▶ What is being asked: Find every line in the records below that contains the word "positions", and copy each such line.

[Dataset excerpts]
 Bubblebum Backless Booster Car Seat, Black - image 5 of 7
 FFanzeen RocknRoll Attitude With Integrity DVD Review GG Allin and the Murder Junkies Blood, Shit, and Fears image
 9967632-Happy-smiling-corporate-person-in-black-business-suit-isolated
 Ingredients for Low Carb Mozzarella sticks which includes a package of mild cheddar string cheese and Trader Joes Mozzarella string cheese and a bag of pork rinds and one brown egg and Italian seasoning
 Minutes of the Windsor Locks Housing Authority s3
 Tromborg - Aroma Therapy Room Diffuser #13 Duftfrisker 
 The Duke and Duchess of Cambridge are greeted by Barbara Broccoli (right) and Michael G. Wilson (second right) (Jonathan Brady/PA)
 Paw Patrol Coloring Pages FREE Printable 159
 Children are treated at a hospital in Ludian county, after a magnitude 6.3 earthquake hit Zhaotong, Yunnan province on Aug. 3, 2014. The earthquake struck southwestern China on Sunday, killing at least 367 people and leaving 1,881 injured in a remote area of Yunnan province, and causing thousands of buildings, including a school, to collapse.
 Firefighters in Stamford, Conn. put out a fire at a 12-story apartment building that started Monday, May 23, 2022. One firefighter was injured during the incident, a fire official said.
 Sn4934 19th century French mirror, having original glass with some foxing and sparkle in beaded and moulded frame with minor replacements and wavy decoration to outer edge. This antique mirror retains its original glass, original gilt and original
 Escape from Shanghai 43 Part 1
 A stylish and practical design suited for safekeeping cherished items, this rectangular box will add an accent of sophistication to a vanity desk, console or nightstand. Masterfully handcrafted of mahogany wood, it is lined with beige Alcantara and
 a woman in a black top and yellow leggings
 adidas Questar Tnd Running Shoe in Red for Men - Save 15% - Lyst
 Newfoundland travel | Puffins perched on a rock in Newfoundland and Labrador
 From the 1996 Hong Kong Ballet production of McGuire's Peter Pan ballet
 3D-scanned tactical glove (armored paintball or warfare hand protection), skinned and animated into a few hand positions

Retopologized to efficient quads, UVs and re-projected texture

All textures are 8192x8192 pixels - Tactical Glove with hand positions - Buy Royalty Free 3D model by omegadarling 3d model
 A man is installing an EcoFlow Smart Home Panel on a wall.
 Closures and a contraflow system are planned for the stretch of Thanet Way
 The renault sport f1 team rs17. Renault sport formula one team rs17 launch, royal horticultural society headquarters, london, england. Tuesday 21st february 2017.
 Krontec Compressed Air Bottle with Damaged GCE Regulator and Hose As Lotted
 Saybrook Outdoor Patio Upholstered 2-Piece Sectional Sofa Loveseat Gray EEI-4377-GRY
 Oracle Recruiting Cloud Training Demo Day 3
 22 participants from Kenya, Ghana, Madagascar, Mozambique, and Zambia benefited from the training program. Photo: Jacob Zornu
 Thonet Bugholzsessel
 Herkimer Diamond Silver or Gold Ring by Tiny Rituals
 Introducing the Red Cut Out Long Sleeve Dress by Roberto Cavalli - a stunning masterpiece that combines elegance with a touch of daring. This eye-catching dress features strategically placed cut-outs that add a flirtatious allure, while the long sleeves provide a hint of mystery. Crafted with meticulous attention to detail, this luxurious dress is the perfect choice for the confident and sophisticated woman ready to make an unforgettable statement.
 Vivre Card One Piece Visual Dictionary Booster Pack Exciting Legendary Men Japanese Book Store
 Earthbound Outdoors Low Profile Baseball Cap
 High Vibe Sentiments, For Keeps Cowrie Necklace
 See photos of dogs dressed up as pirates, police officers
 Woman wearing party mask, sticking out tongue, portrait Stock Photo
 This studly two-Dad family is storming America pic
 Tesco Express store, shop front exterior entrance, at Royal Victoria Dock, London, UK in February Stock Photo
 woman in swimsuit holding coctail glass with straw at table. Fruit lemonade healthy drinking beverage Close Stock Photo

▶ Exercise result:
 3D-scanned tactical glove (armored paintball or warfare hand protection), skinned and animated into a few hand positions
All textures are 8192x8192 pixels - Tactical Glove with hand positions - Buy Royalty Free 3D model by omegadarling 3d model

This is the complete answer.